餓羅覇道(がらはどう)
中国は元の時代、狼磨沙牙(ろうまさが)という古代から伝わる必殺拳法があった。
狼の牙をまねた動きをするその拳は代々一子相伝で伝えることになっていたが、
子がすべてできが良かったため、師匠は誰に継がせるか悩んでいた。
ある日のこと、師匠は一通りの修行を終えた彼ら一人一人に
「あとは最強の奥義、哀守送土(あいすそうど)を教えれば免許皆伝だが、
一子相伝のため一人にしか教えることができない。
おまえは、その殺人拳をほしいか?」という問いかけをした。
一人目は、「関係ありません、私は今のままで十分です」と答えた。
師匠は彼の才能を見込んでいたが、それならば仕方ないとあきらめた。
二人目は、「教えてください!頼みます!」と懇願した。
しかし、裏にやましさを感じた師匠は教えるのを拒否した。
三人目は、「教えていただかなければ、殺してまでも奪い取る!」と、師匠を殺してしまった。

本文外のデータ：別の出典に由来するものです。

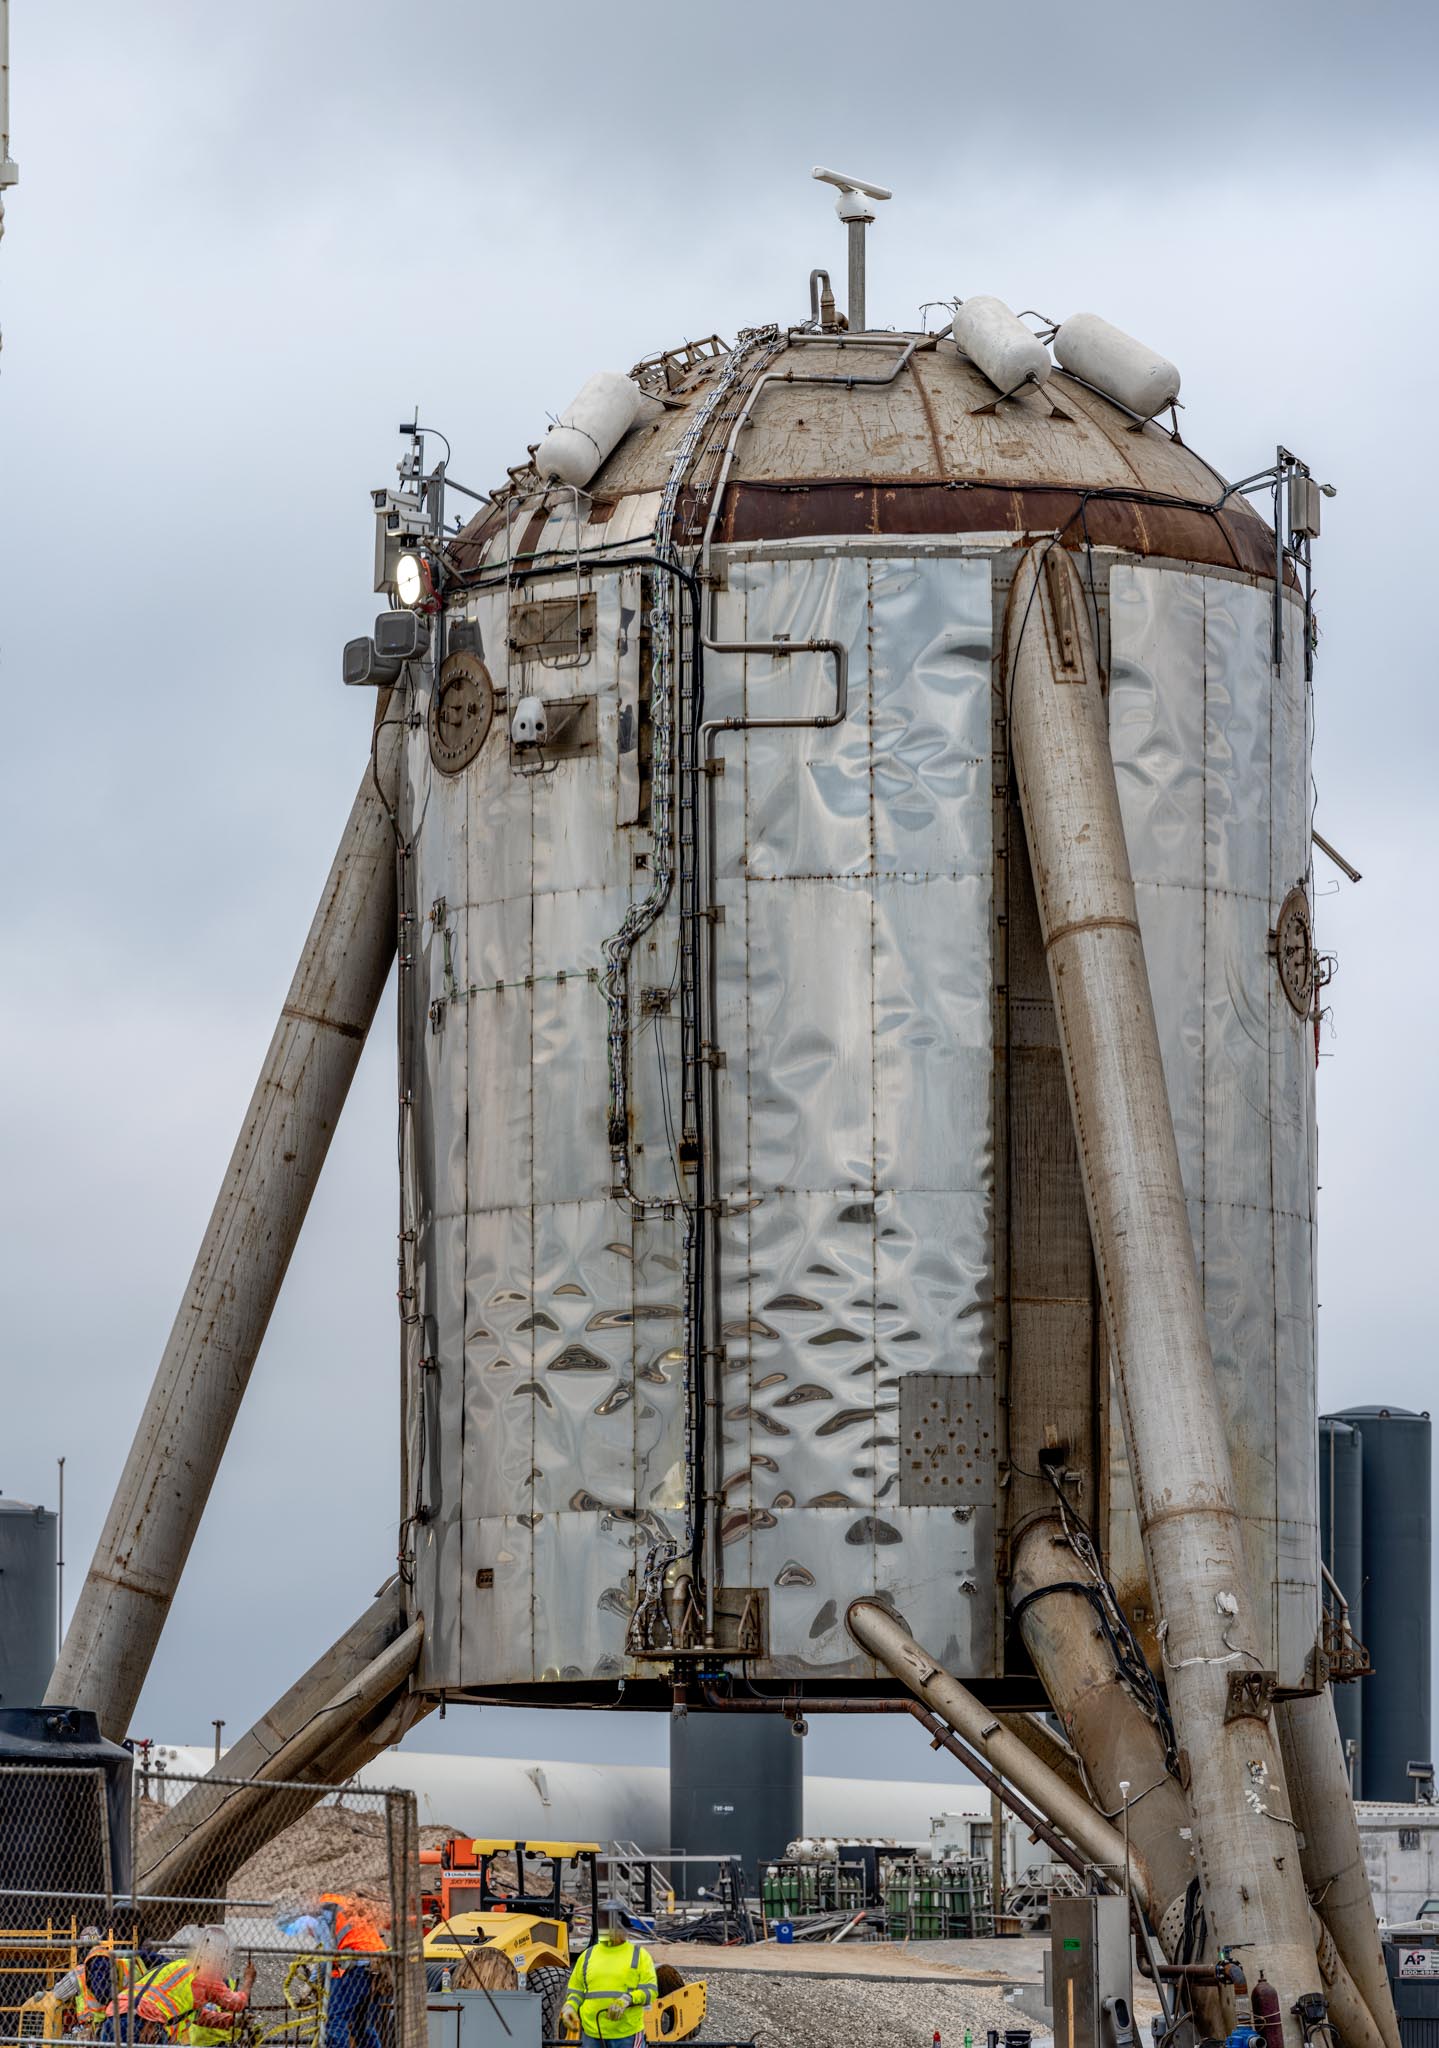 a large metal structure with multiple legs

そしてすべてを手に入れた彼は力で中国に君臨しようとしたのである。
まるで餓えた獣や戦神阿修羅のようにすべてを奪っていくありさまを
人々は「餓羅覇道(がらはどう)」と呼び、おそれ、それを打ち倒す救世主を求めた。
その願いがあってか、しばらくのち四人目の弟子が師匠の敵討ちのため彼と戦い、
ついには彼を打ち倒したという。
なお、「憎まれっ子世に憚る」ということわざはここから生まれたことも記しておく。
現在、あるゲームでガラハドという人物からアイスソードをもらうイベントで
似たような選択肢を選べるが、それはこの話が元になっていることは言うまでもない。
またこの話に良く似た漫画が大ヒットし、アニメや映画となって世に出たことがあるが
現代風にアレンジした「餓羅覇道」の逸話だったという事を知る人は少ない。